Since you’ll presumably be using a lot of public Wi-Fi with your iPod, it may be worth setting up a VPN to protect your traffic from potential snoopers too. This is possible with Algo, a set of scripts that automate much of the VPN creation process. Just make an account on a hosting provider such as Digitalocean, run the script on your PC, and answer the questions. The script will output a file that you then transfer over to your iPod; if you’re using a Mac, AirDrop works well for this. If that sounds a bit too technical, you could download a commercial VPN app instead.
But how many extra apps you wish to install depends on how seriously you want to take the security of your iPod. You could have a device solely dedicated to Signal, with no Apple ID signed in so iMessage won’t work, or other apps. This would be to decrease your so-called attack surface; limiting the number of possibilities hackers have to try and get into your device. With that being said, if you are already concerned about an attacker directly hacking into your iOS device—something typically only available to nation states, as iOS is generally considered the most robust consumer operating system in the world—you may have much more serious things to worry about.
The drawbacks of using an iPod Touch over a cell phone
An iPod does have some other drawbacks over a fully-fledged iPhone though.

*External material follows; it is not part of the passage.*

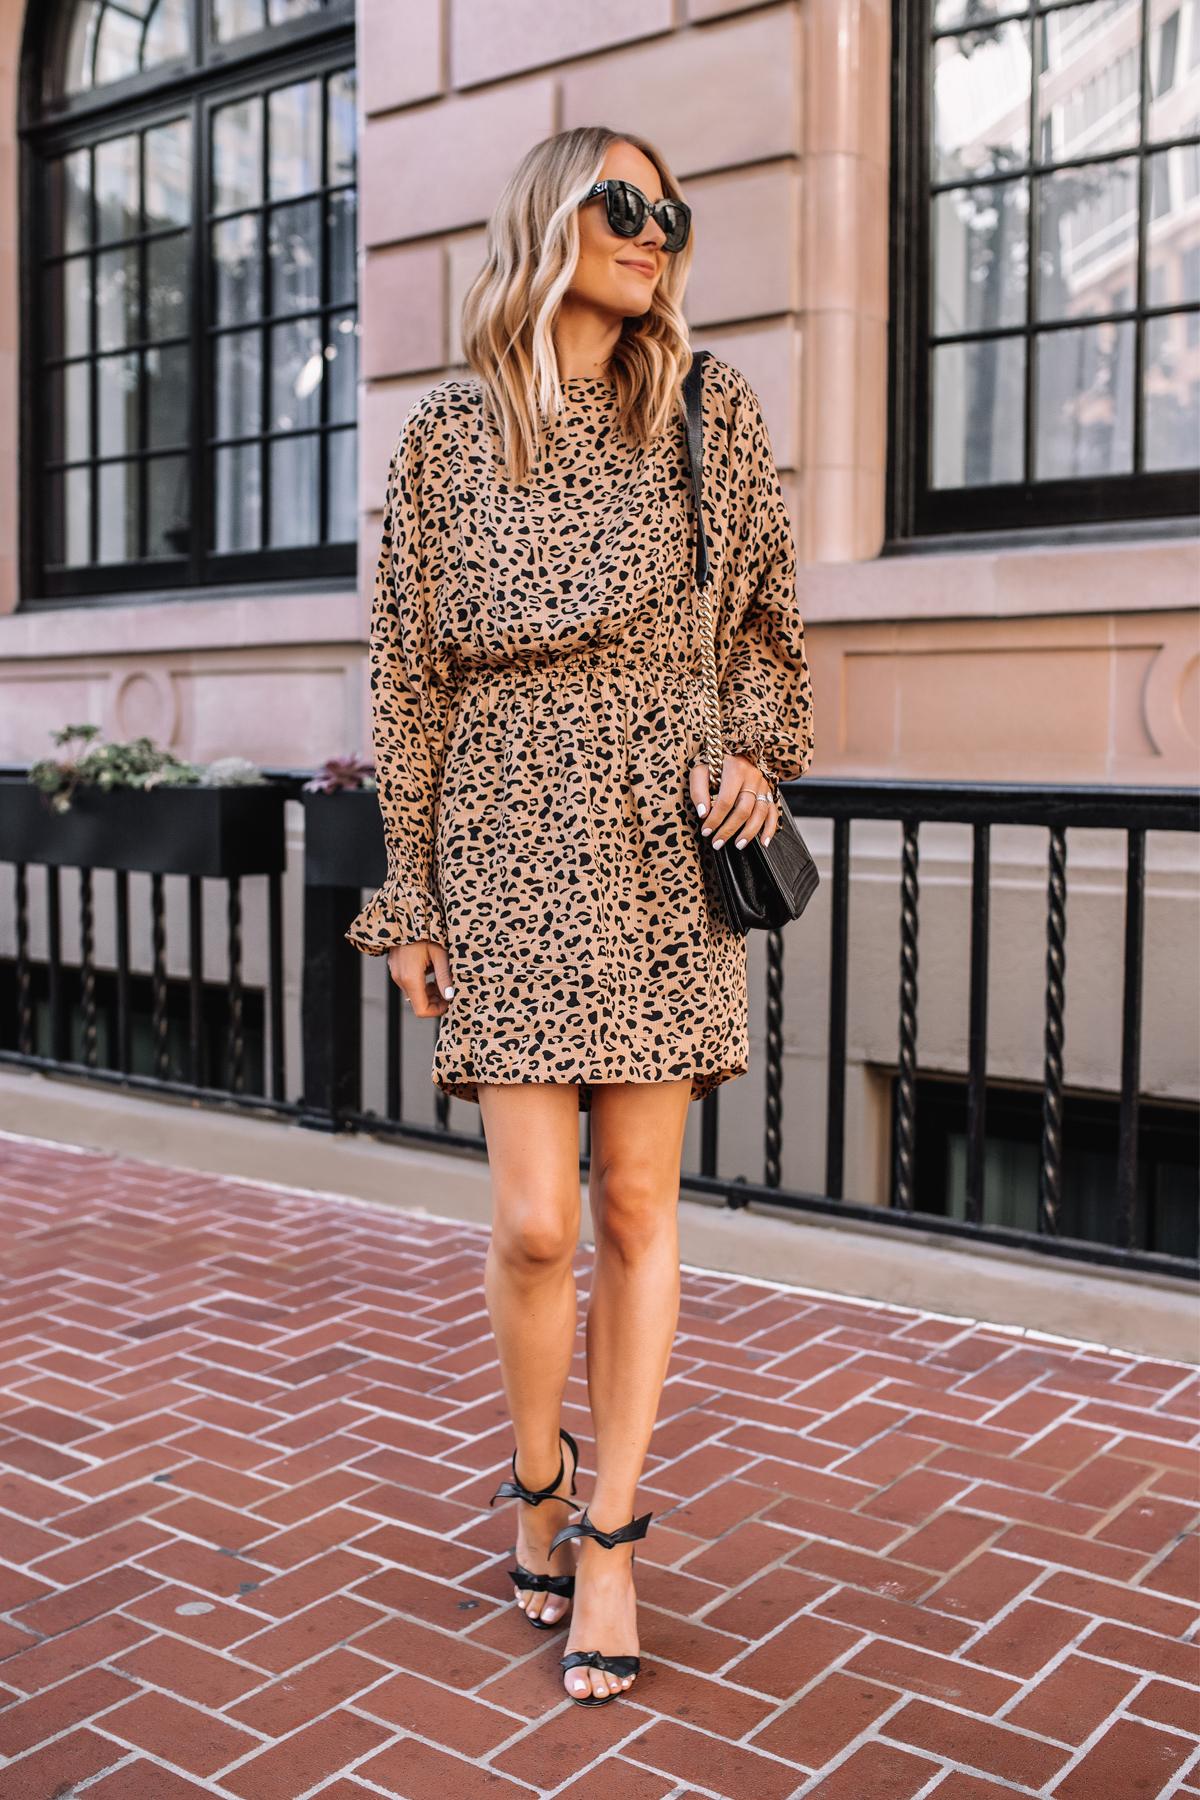 Fashion Jackson Wearing Leopard Mini Dress Black Heeled Sandals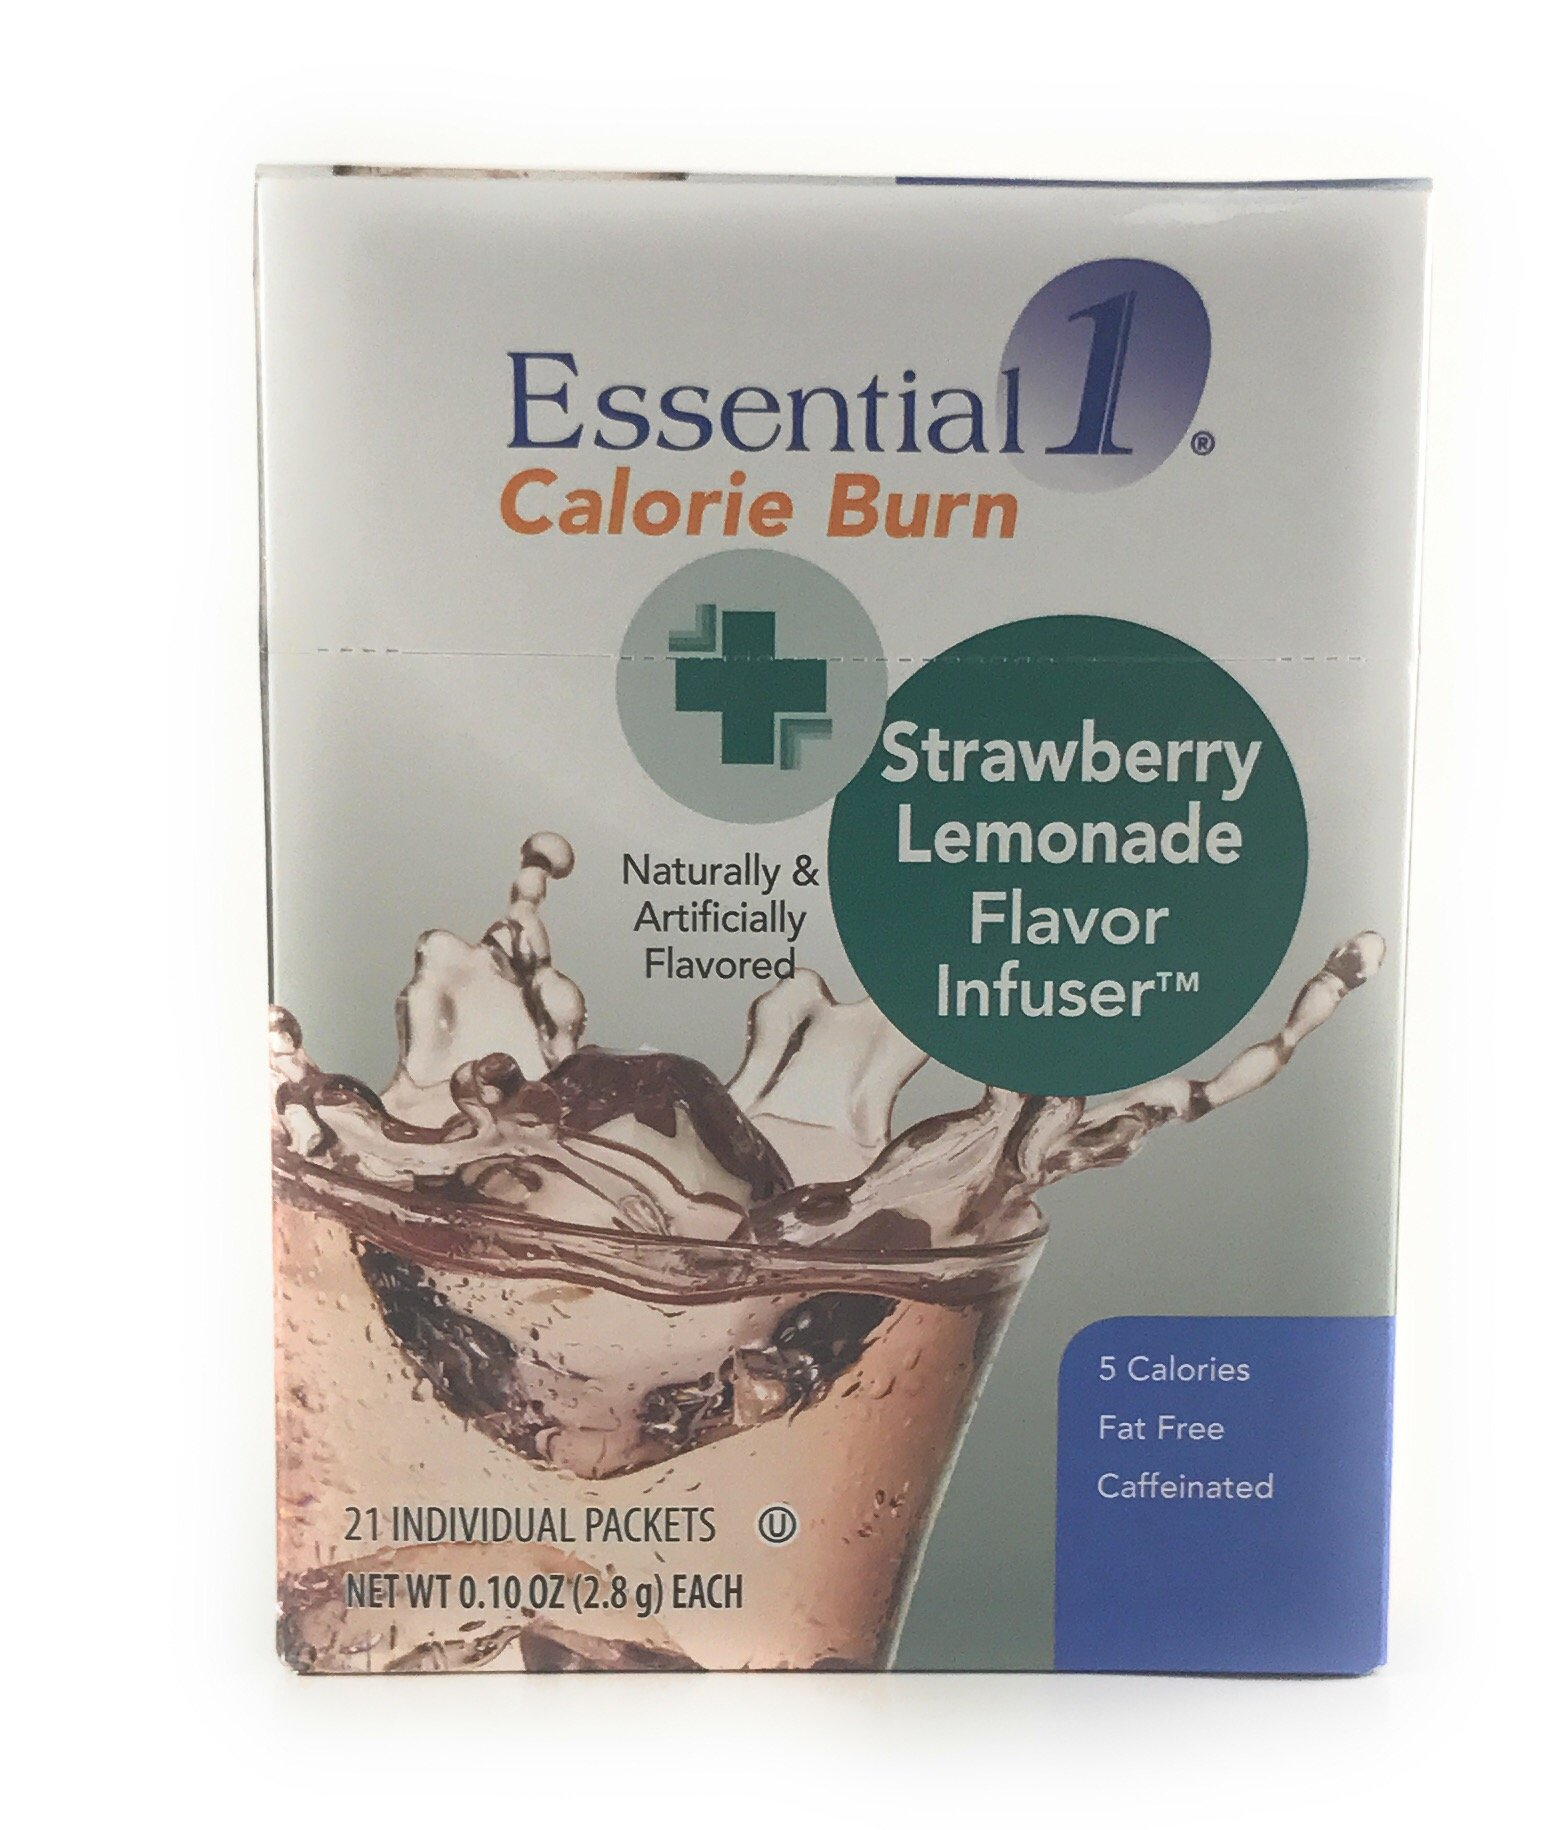 Medifast Essential1: Calorie Burn Strawberry Lemonade Flavor Infuser (1 Box/21 Servings) by Medifast (Image #1)

The iPod does not come with Touch or FaceID, Apple’s relatively robust alternatives to using a device passcode. Then again, using an iPod is supposed to be focused on dealing with remote threats, not ones when a hacker has physical access to the device. If you need to worry more about the latter, perhaps this approach isn’t for you.
And to be clear, this quite drastic switch from a phone over to an iPod is not for everyone. It may simply be too inconvenient for a lot of people, both socially and professionally, to only rely on an internet rather than a cellular connection. Maybe the place you live doesn’t have much public Wi-Fi, or it is otherwise difficult to get online when out and about.
But for those with the means and concern around telecom threats, switching to an iPod can be a way of doing the things you would normally do on a phone but with much more security and privacy in mind.
Correction: A previous version of this article incorrectly stated that the iPod Touch does not come with the Secure Enclave Processor (SEP). This is false; Apple later clarified in an email that, although the iPod Touch does not have Touch or FaceID, it does still have SEP. Motherboard regrets the error.